別人只道她風光無限,又有誰看得見她心中的苦?不說庶子沈青羽,自己的三個兒子,一個走在了前頭,一個不和自己一條心,她只能把一顆心撲在長子身上。
偏又是個討債鬼,那樣的身子,惹她流了多少淚,若是能夠,拿她的命換兒子的命又有何妨?
可天底下沒有這樣的事兒,只好戰戰兢兢,保全長子的世子之位。
想到此處,眼中便流下淚來,語聲之間早不複方才凌厲,只余滿滿的哀婉:“老四,母親和你說過多少回,求過你多少回……你大哥身子不好,他除了世子之位,什麼都沒有。若沒了這個,你叫他如何謀生度日,又怎樣蔭庇子孫?”面露懇切,“你卻可以去戰場上掙軍功,榮華富貴皆唾手可得。又何苦覬覦父輩基業,與兄長相爭?”
戰場?
刀尖舔血、刀口滾肉掙來的軍功,在她說來倒好像探囊取物,砍瓜切菜。
沈青雲眼神漸深,語氣里聽不出半分異常,淡淡道:“我說過很多次,從未覬覦世子之位。”
“你沒有,別人也沒有?”蔣氏的表情又激動起來,“若你當真不想和你大哥爭,為何不接受皇上的封爵,就此分出去過?”
“住口!”
蔣氏一驚,回過頭來,就見身材高大的沈穆立在門口,面沉如水,眼神陰騭。
“我還沒有死呢,你就想著讓自己的兒子襲爵了?”
蔣氏聞言神色大變,忙辯解道:“不是的,王爺,妾身只是一時情急……”
卻被沈穆揮手打斷,他神色略緩,對沈青雲道:“先回去罷。”
等兒子行禮出去,便盯著蔣氏冷笑道:“趕著親生兒子分家的母親,你怕是滿大齊獨一個。
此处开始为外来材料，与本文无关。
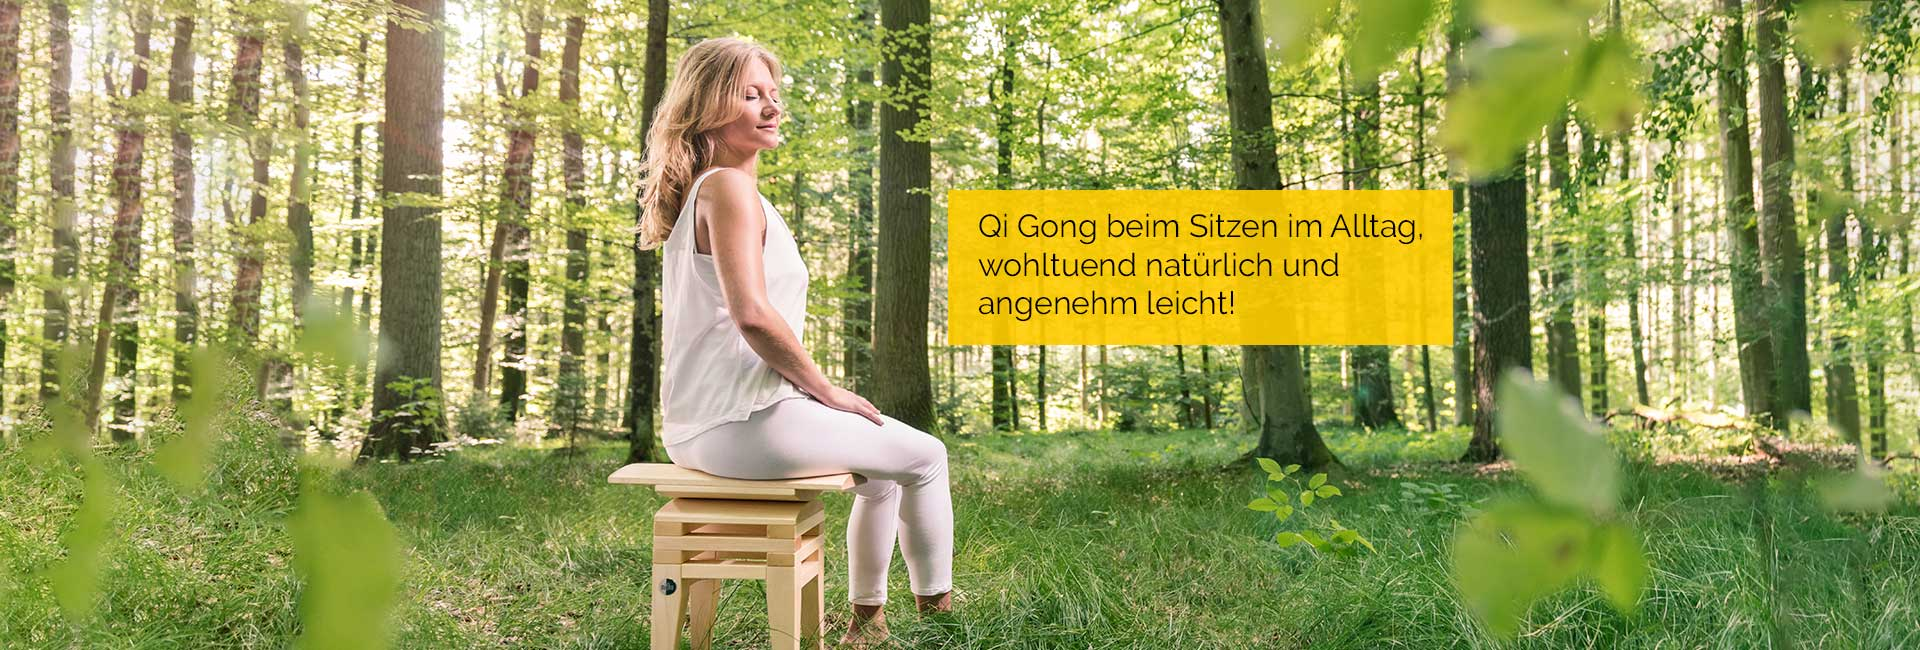 Qigong im Sitzen

”
蔣氏早已淚盈於睫,聞言泣道:“王爺,您最知道妾身的苦楚……”
“我不知道,”沈穆再一次冷冷打斷她,“我只告訴你一句,這府里我說了算……往後,你若膽敢再鬧出什麼么蛾子,我就上請聖上改立世子!”
……
沈青雲一進屋,便見婧怡坐在臨窗大炕上,低著頭正做針線。
剛從大風大浪里出來,怎麼就跟個沒事人似的。
他上前兩步,握住她的肩膀:“傷處可上過藥了?讓我看看。”
倒把婧怡嚇了一跳,忙要起身行禮,卻被他用手按著,不禁紅了臉:“妾身沒有受傷。”
她早知蔣氏不會輕易罷休,早在回府路上就吩咐了隨車的碧玉。她前腳剛去松鶴堂,碧玉後腳就直出二門,到府門口去等著沈青雲了。
又和蔣氏亂磨一陣嘴皮,哭訴、辯解、認錯、服軟輪番上陣,直到實在挨不過去才算閉了嘴。待聽到沈青雲與管媽媽說話,便挺直腰背做出一副寧折不彎的模樣來。
其實,半點虧卻沒有吃到。
沈青雲卻只道她是故意掩飾,扯著衣服就往下扒。